For instance, when a parent says something in view of the child, it is likely that some of the words used are likely referring to something that the child can see, meaning comprehension is instilled by linking visual and linguistic cues. Credit: Neuroscience News
Vong, Lake, and their NYU colleagues, Wentao Wang and Emin Orhan, analyzed a child’s learning process captured on first-person video—via a light, head-mounted camera—on a weekly basis beginning at six months and through 25 months, using more than 60 hours of footage.
The footage contained approximately a quarter of a million word instances (i.e., the number of words communicated, many of them repeatedly) that are linked with video frames of what the child saw when those words were spoken and included a wide range of different activities across development, including mealtimes, reading books, and the child playing.
The NYU researchers then trained a multimodal neural network with two separate modules: one that takes in single video frames (the vision encoder) and another that takes in the transcribed child-directed speech (the language encoder).
These two encoders were combined and trained using an algorithm called contrastive learning, which aims to learn useful input features and their cross-modal associations. For instance, when a parent says something in view of the child, it is likely that some of the words used are likely referring to something that the child can see, meaning comprehension is instilled by linking visual and linguistic cues.
“This provides the model a clue as to which words should be associated with which objects,” explains Vong.
“Combining these cues is what enables contrastive learning to gradually determine which words belong with which visuals and to capture the learning of a child’s first words.”
After training the model, the researchers tested it using the same kinds of evaluations used to measure word learning in infants—presenting the model with the target word and an array of four different image options and asking it to select the image that matches the target word.
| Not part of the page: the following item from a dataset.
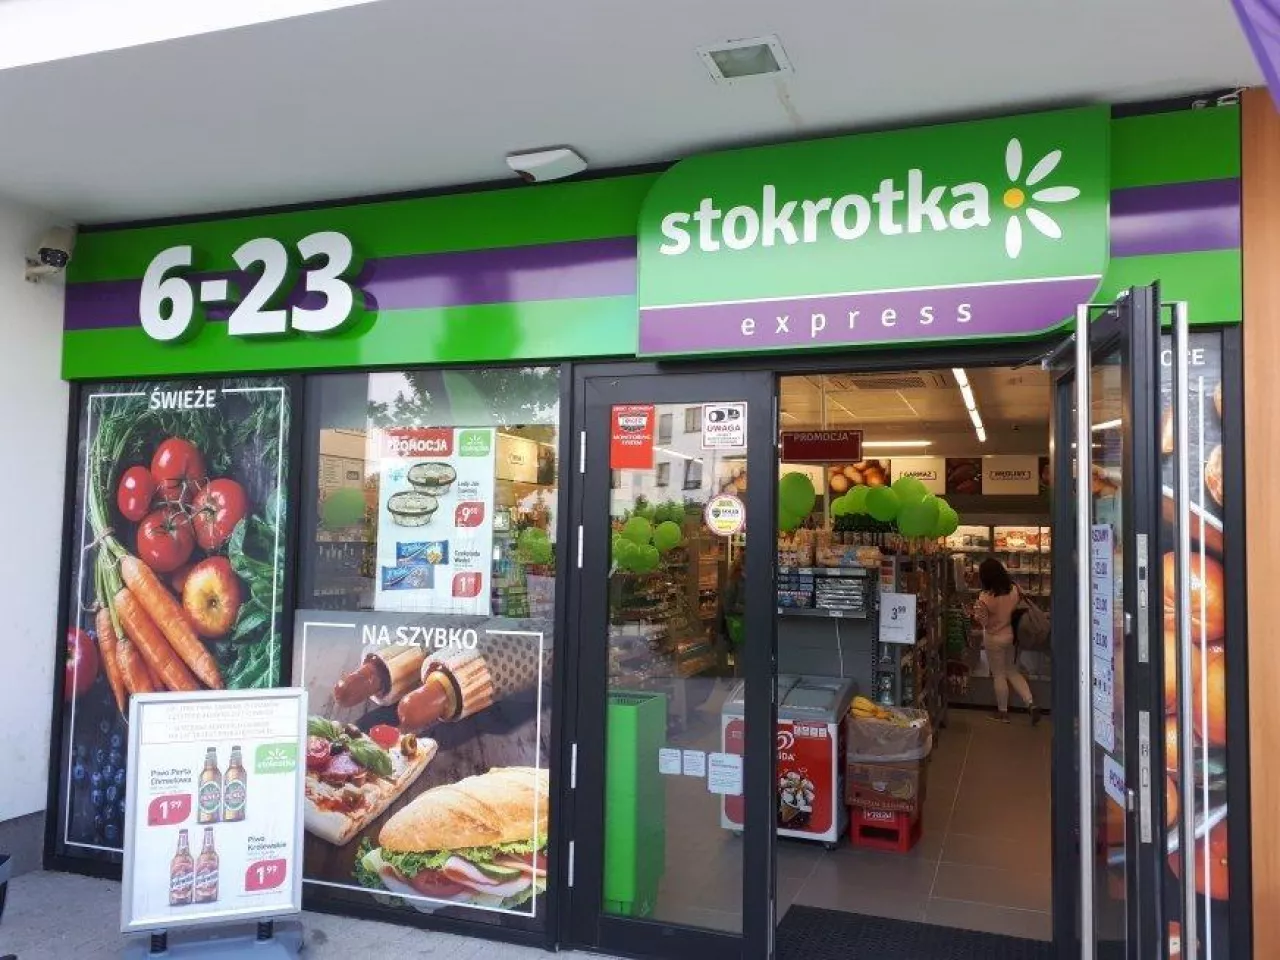 Supermarket sieci Stokrotka w Warszawie (materiały własne)

Their results showed that the model was able to learn a substantial number of the words and concepts present in the child’s everyday experience. Furthermore, for some of the words the model learned, it could generalize them to very different visual instances than those seen at training, reflecting an aspect of generalization also seen in children when they are tested in the lab.
“These findings suggest that this aspect of word learning is feasible from the kind of naturalistic data that children receive while using relatively generic learning mechanisms such as those found in neural networks,” observes Lake.
Funding: The work was supported by the U.S. Department of Defense’s Defense Advanced Research Projects Agency (N6600119C4030) and the National Science Foundation (1922658). Participation of the child was approved by the parents and the methodology was approved by NYU’s Institutional Review Board.
About this artificial intelligence research news
Author: James Devitt
Contact: James Devitt – NYU
Image: The image is credited to Neuroscience News
Original Research: Closed access.
“Grounded language acquisition through the eyes and ears of a single child” by Wai Keen Vong et al. Science
Grounded language acquisition through the eyes and ears of a single child
Starting around 6 to 9 months of age, children begin acquiring their first words, linking spoken words to their visual counterparts. How much of this knowledge is learnable from sensory input with relatively generic learning mechanisms, and how much requires stronger inductive biases?
Using longitudinal head-mounted camera recordings from one child aged 6 to 25 months, we trained a relatively generic neural network on 61 hours of correlated visual-linguistic data streams, learning feature-based representations and cross-modal associations.
Our model acquires many word-referent mappings present in the child’s everyday experience, enables zero-shot generalization to new visual referents, and aligns its visual and linguistic conceptual systems.
These results show how critical aspects of grounded word meaning are learnable through joint representation and associative learning from one child’s input.